Ladies and gentlemen, your attention please, we have geniuses in our midst.
No, this is not the usual announcement you hear in airports, seaports, hotels, restaurants and other places where real geniuses are exalted, held in high regard.
This should have been the introduction accorded the police officers who attended the Senate hearing last January 26 on the kidnap-slay of Korean business executive Jee Ick Joo. Mind you, they all deserve it, especially the cops who masterminded the kidnapping of the 53-year-old Korean on the pretext of a drug raid, now infamously called “Tokhang for ransom.”
They are no different from cops who stop you in the dead of the night, frisk you and plant drugs in your belongings, or “Tokhang for cash.” You have to cough up at least P20,000 before they let you go.
Or, for that matter, what Sen. Panfilo Lacson bared during the hearing – that of cops planting shabu on your premises before conducting a raid on your cash register.
Whew! We can go on and on.
The cops who abducted Jee last October 18 in his home in Angeles, Pampanga tried very hard to look like they were innocent in front of the senators and the cameras.
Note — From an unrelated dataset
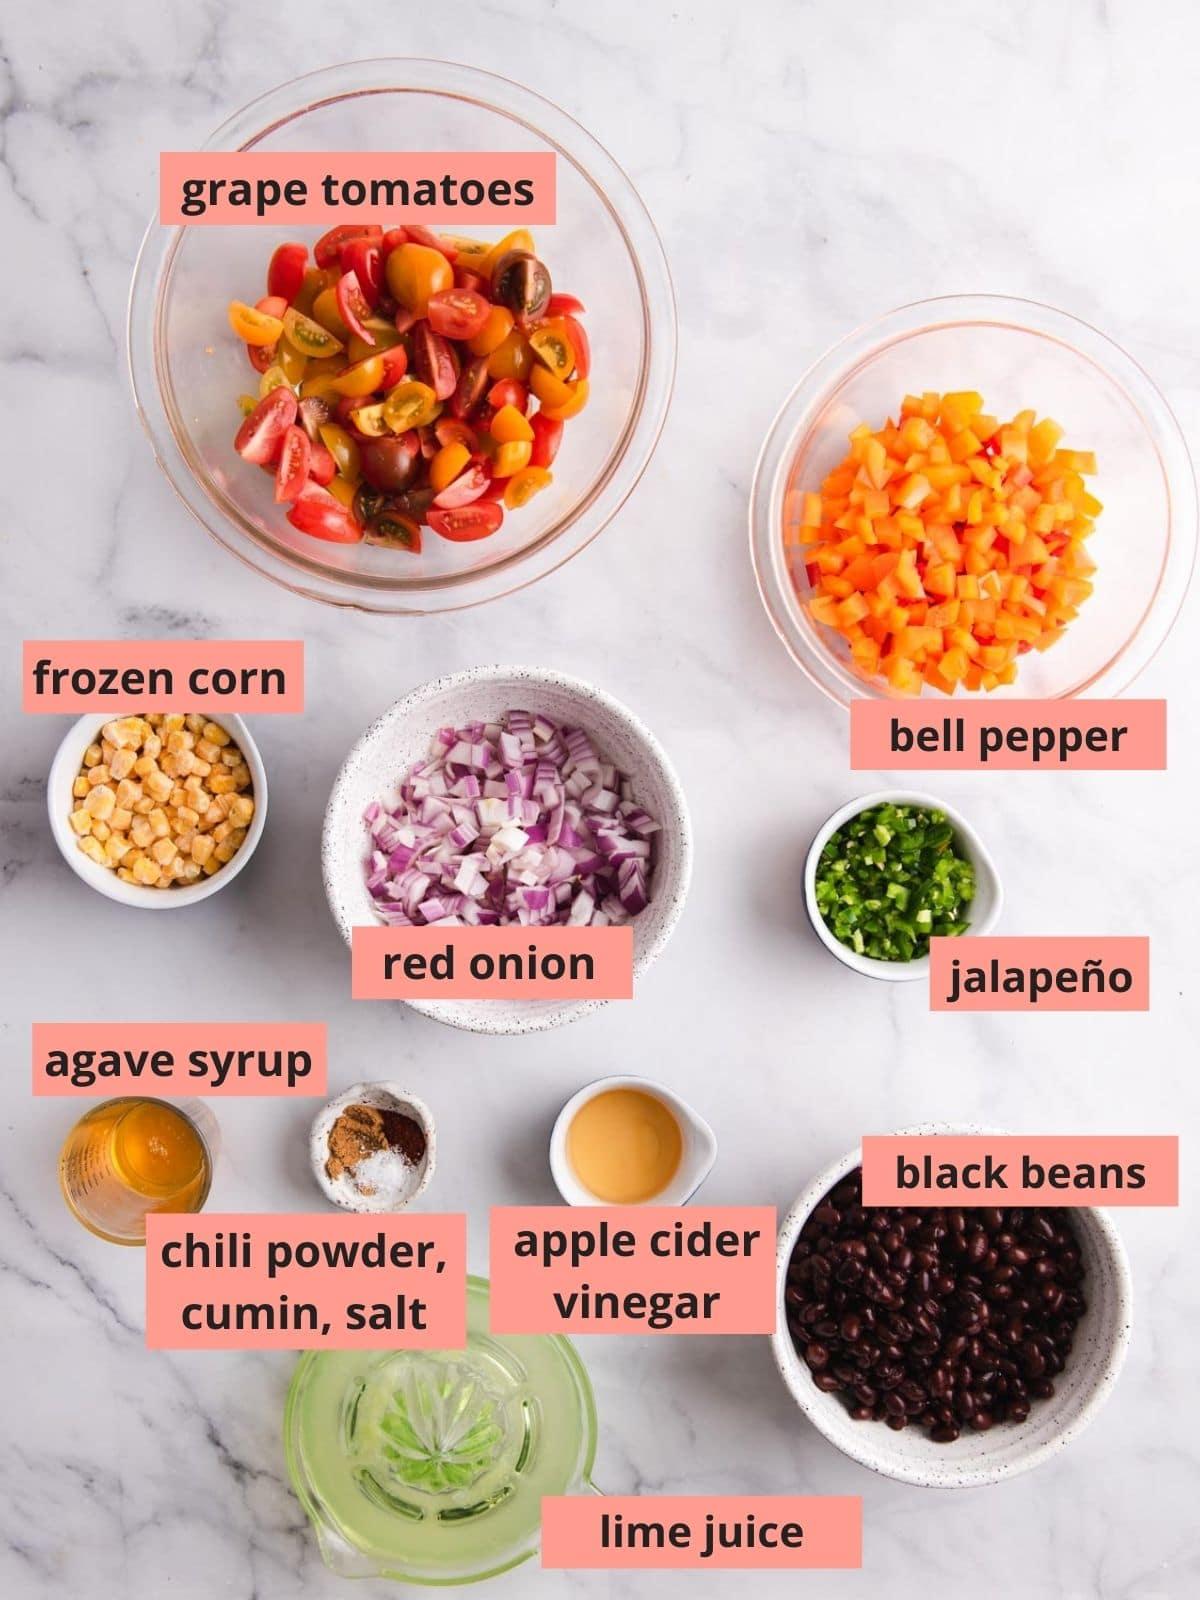 Labeled ingredients used to make black bean salsa

But behind that seemingly innocent looks lurks a very disturbed and monstrous person, somebody very capable of strangling you to death in your own vehicle, then bringing you to a crematorium where your remains, bones and all, will be burned.
That innocent look hides a hideous person who will call your wife days after you’ve been killed, cremated and your ashes flushed down a toilet, and ask for ransom. And days later, asks for more cash. Here’s a Mafiosi just making sure that if there is no body, there is no crime.
Up to now, it’s still a wonder where the P5 million ransom went, how it was divided, who got the lion’s share. Was there a double-cross, even a double-double cross? Is that the reason why the other cops who participated in the dastardly act have come out in the open, aghast that they got a meager share of the loot? And now want to be admitted under the government’s witness protection program?
And we have in our midst a chief of police who, referred to as a clown by others, is now trying very hard to win back the confidence of the people he’s mandated to protect but miserably failing at it!
The question begging for an answer is this: Did the cops behind this dastardly act get emboldened by President Duterte’s pronouncements that he will be behind them, no matter what? That all they will get is a sloppy tap on the hand and a transfer to Mindanao? Immunity?
That, of course, had raised concerns among local authorities, with one of them saying: “We need the best of our country’s police on our side – not the worst. Erring law enforcers must be held accountable. Sending them to the (region) is not a disciplinary action; rather it is a move that portrays our region as undeserving of dignified and dedicated public service.”
It’s very clear that corrupt officers had used the anti-illegal drugs campaign, which had been temporarily halted to effect a cleansing within the ranks, as cover for their own rackets, which only reinforces the notion that the country’s police force is one of the most corrupt institutions in the Philippines.
Ladies and gentlemen, your attention again, please. We have in our midst geniuses, for all the wrong reasons.